### Problem
With both ends included, repeat exactly the lines of the entries below from the one containing "A close-up image" down to the one containing "Kurt-Lee Arendse scored", and no others.

[Opening Provided entries section]

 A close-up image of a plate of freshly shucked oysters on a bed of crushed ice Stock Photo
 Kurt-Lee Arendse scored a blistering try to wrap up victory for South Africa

[Closing Provided entries section]
[Opening Provided entries section]

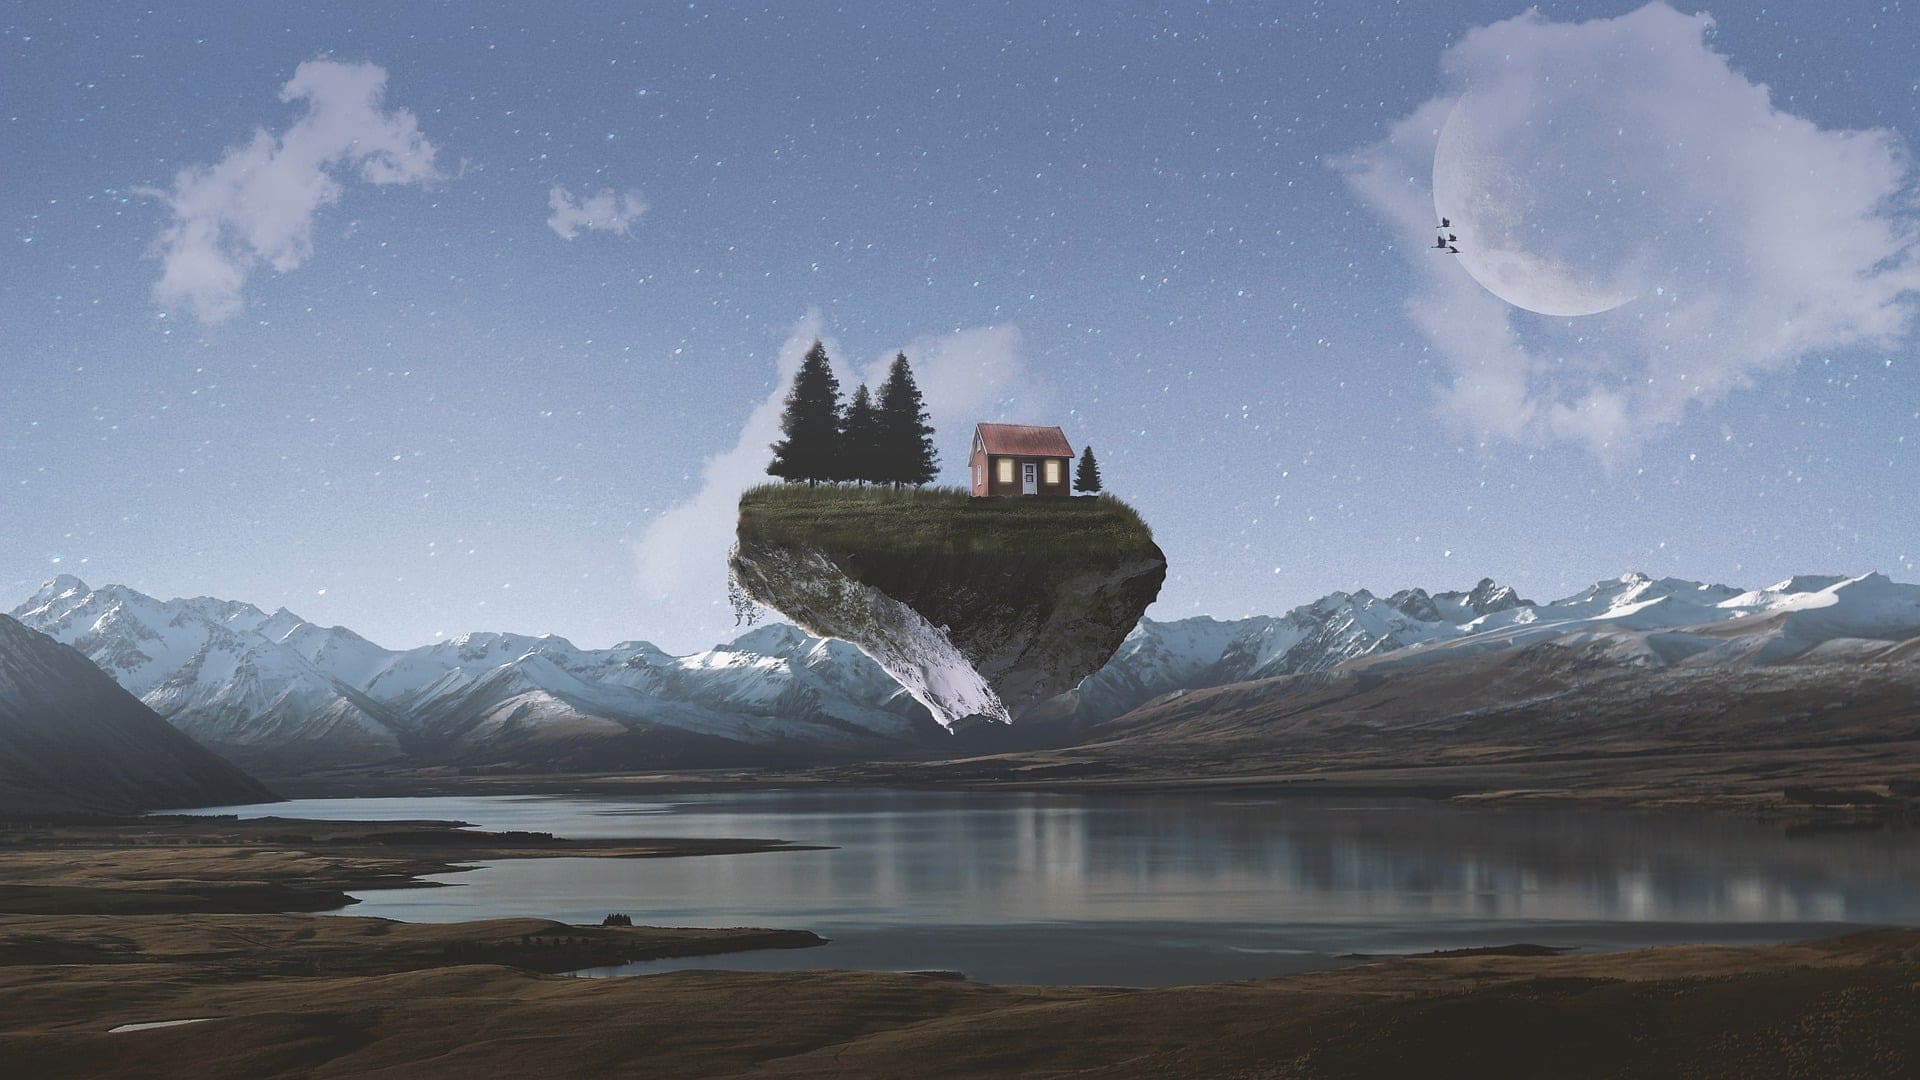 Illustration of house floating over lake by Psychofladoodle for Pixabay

[Closing Provided entries section]

### Exercise answer
 A close-up image of a plate of freshly shucked oysters on a bed of crushed ice Stock Photo
 Kurt-Lee Arendse scored a blistering try to wrap up victory for South Africa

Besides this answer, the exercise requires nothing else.